Aiming at the shortcomings of current semantic segmentation algorithms, this paper proposes a lightweight multi-branch network for real-time semantic segmentation. Firstly, the algorithm obtains irregular features and more edge information through auxiliary branches, so as to strengthen the recognition ability of long and large targets. At the same time, in order to improve the segmentation accuracy and avoid the decrease of model inference speed, the algorithm uses asymmetric convolution to design auxiliary branches to save inference time. Secondly, the alignment and fusion module is designed to guide and fuse the feature maps of multiple branches, so as to alleviate the feature misalignment in the fusion of multi-branch networks and improve the recovery ability of small target details.

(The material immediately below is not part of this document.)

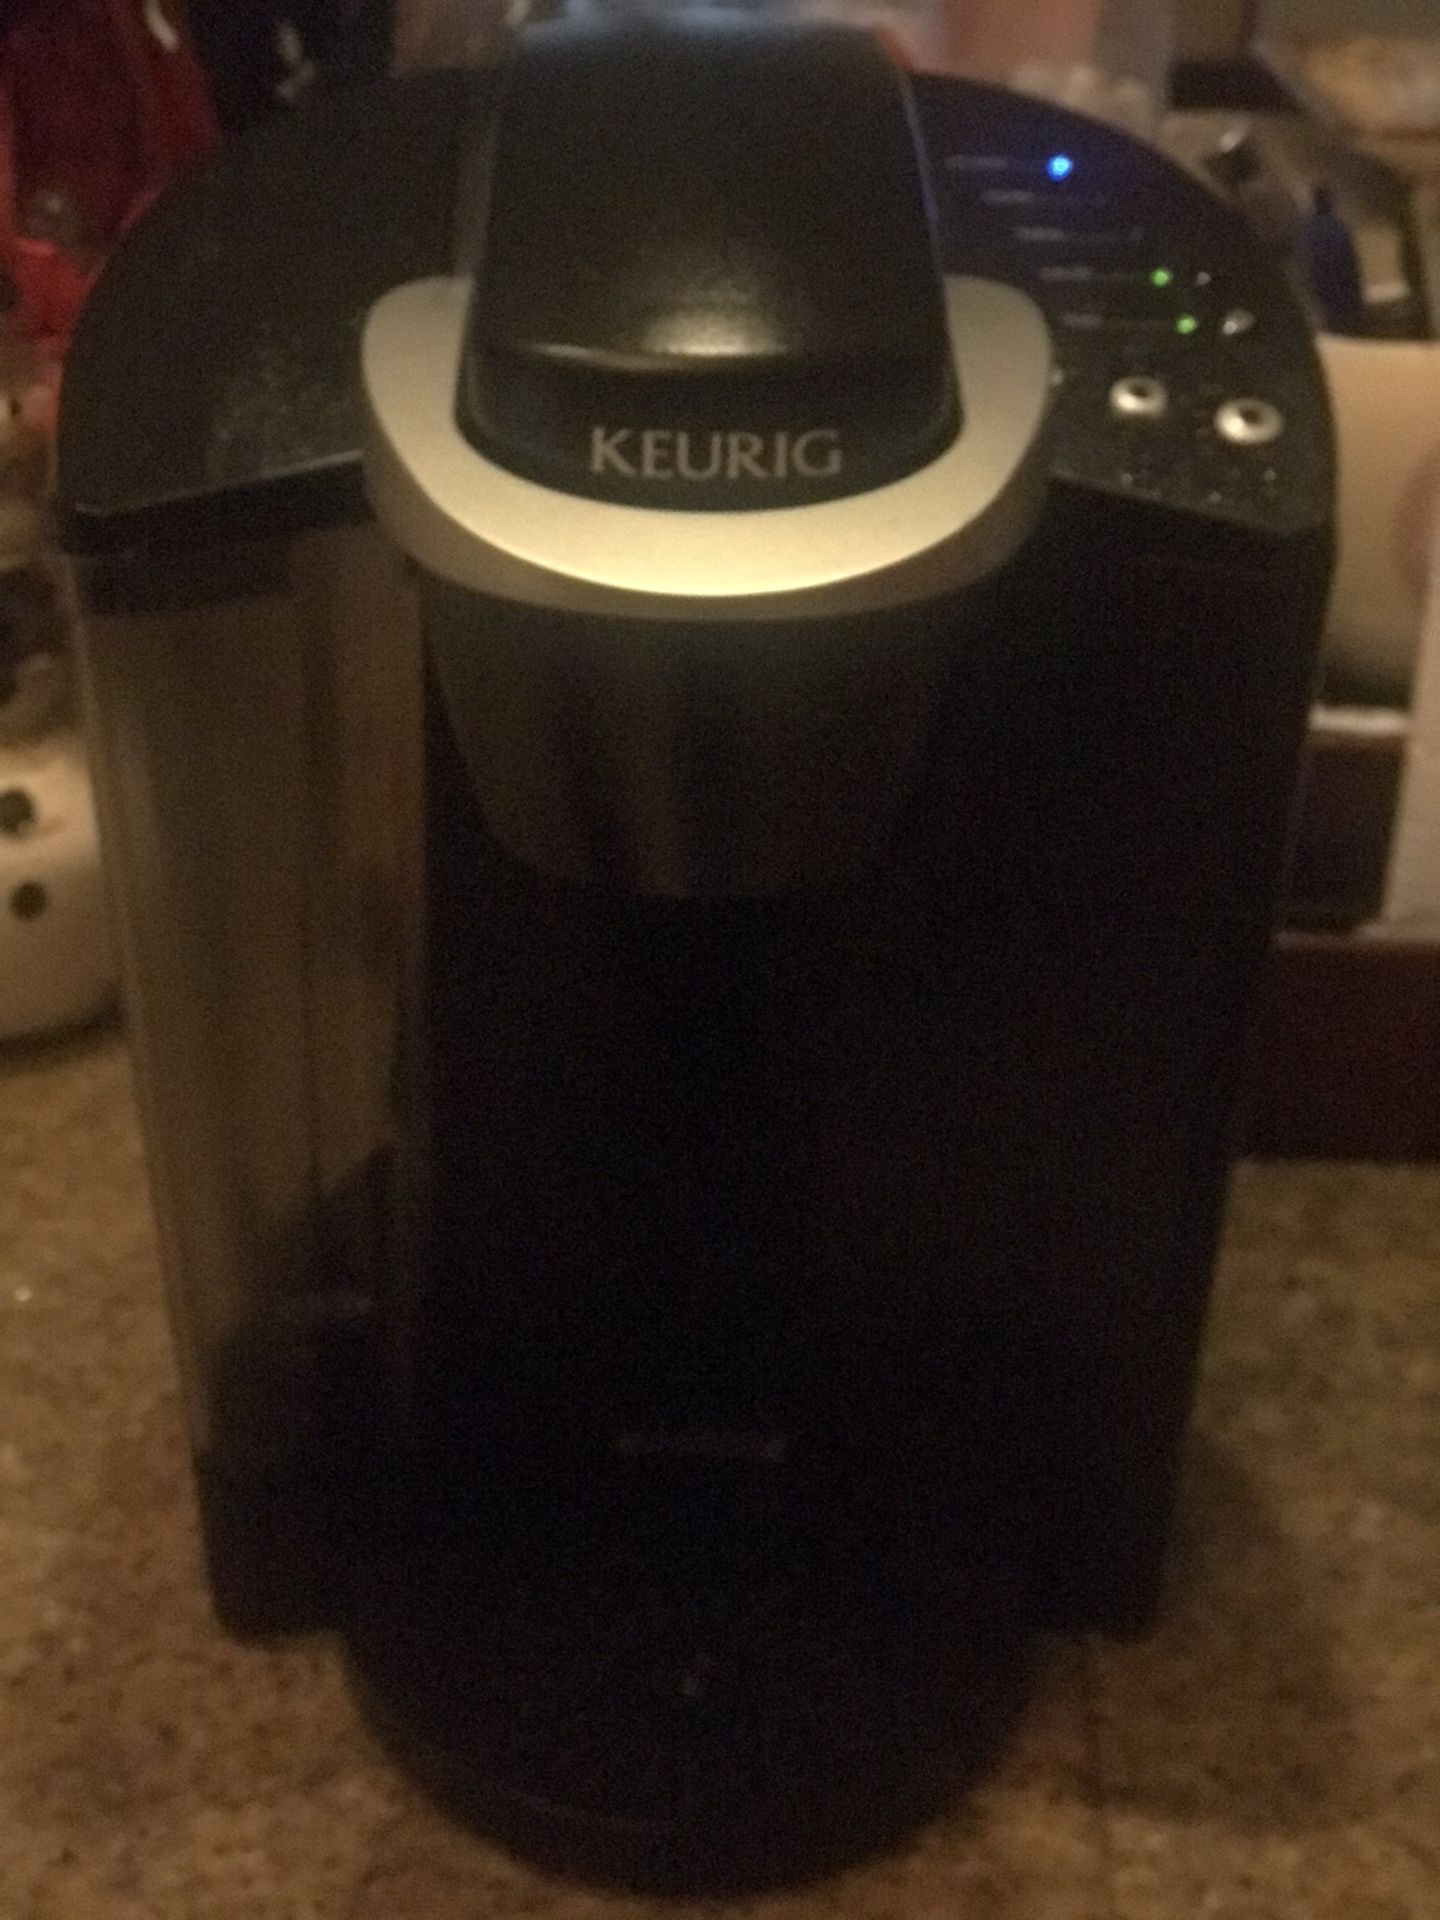 Keurig Coffee Machine Model K40 - Working Great

Finally, in order to consider the importance of global information, a global context module is designed in the last stage of the semantic branch. These structures are tightly coupled and jointly optimized to ensure the algorithm has excellent performance in semantic segmentation. Experiments on the Cityscapes and CamVid datasets demonstrate that the proposed algorithm is between segmentation accuracy and inference speed.A good balance is achieved, and its semantic segmentation performance is significantly improved. In the following work, we will further analyze the algorithm and improve the semantic branches to improve the accuracy of the model.